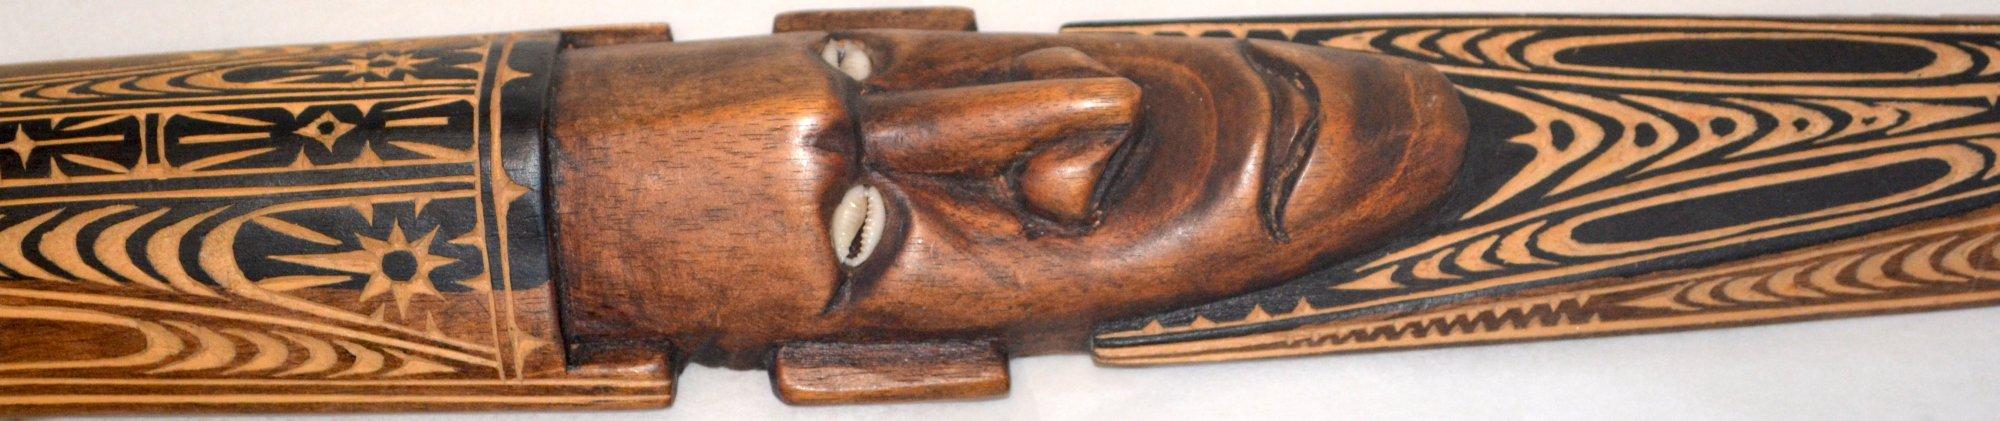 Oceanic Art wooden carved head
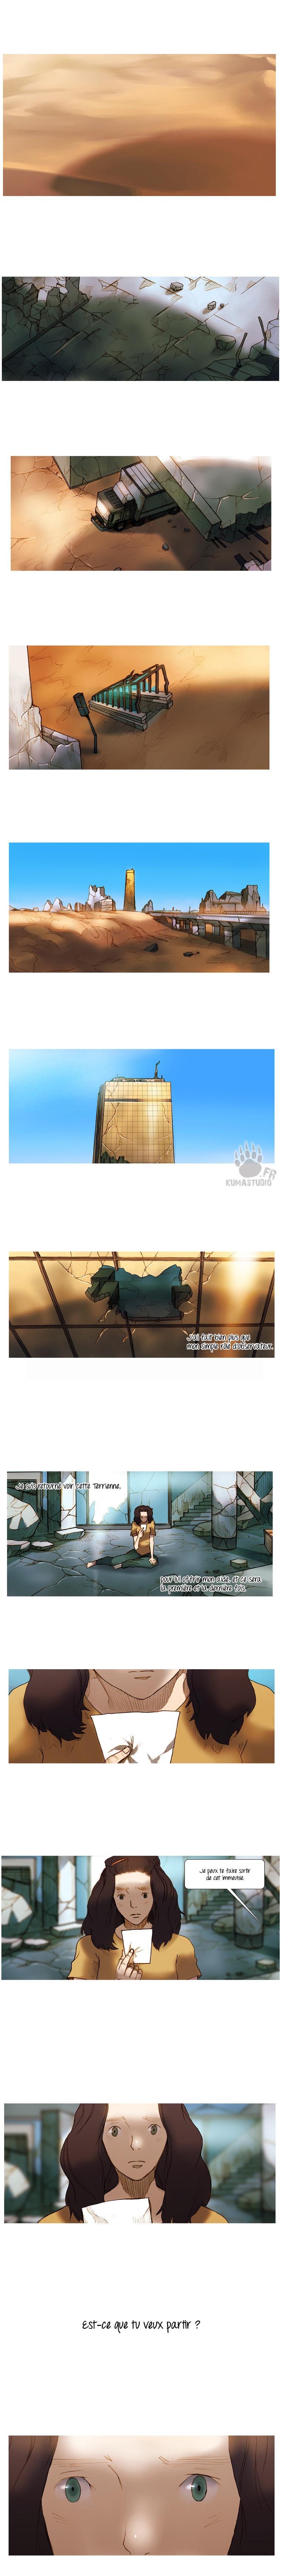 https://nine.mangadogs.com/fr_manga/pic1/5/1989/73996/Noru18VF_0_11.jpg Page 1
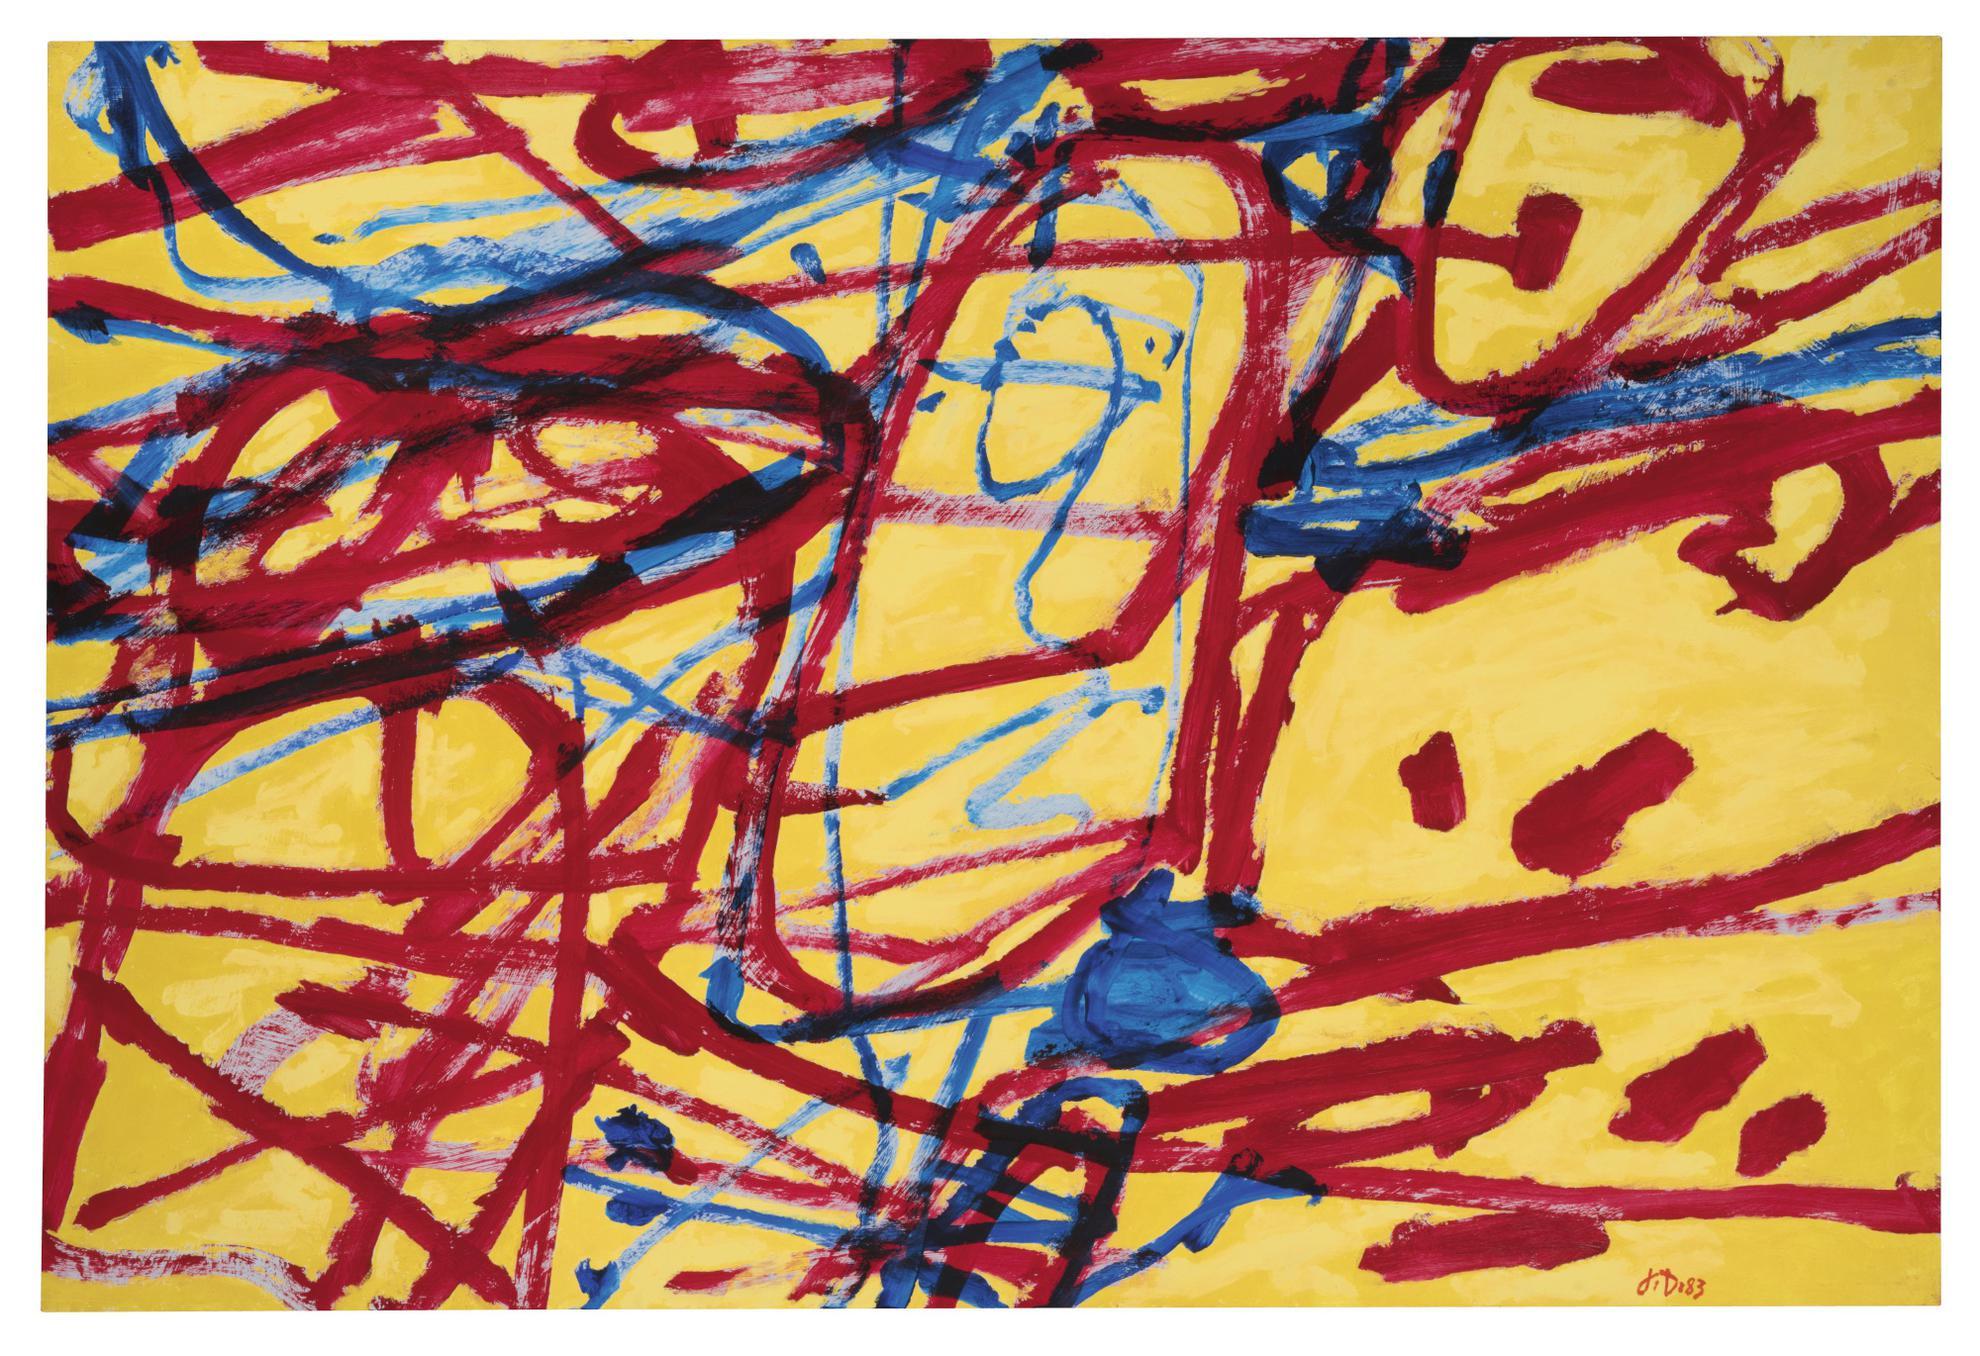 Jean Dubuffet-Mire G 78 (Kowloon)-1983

════════════════════

[What you should do]: The whole of the data above needs retyping exactly, with pictures omitted.

[Result]:
 Oceanic Art wooden carved head
 https://nine.mangadogs.com/fr_manga/pic1/5/1989/73996/Noru18VF_0_11.jpg Page 1
 Jean Dubuffet-Mire G 78 (Kowloon)-1983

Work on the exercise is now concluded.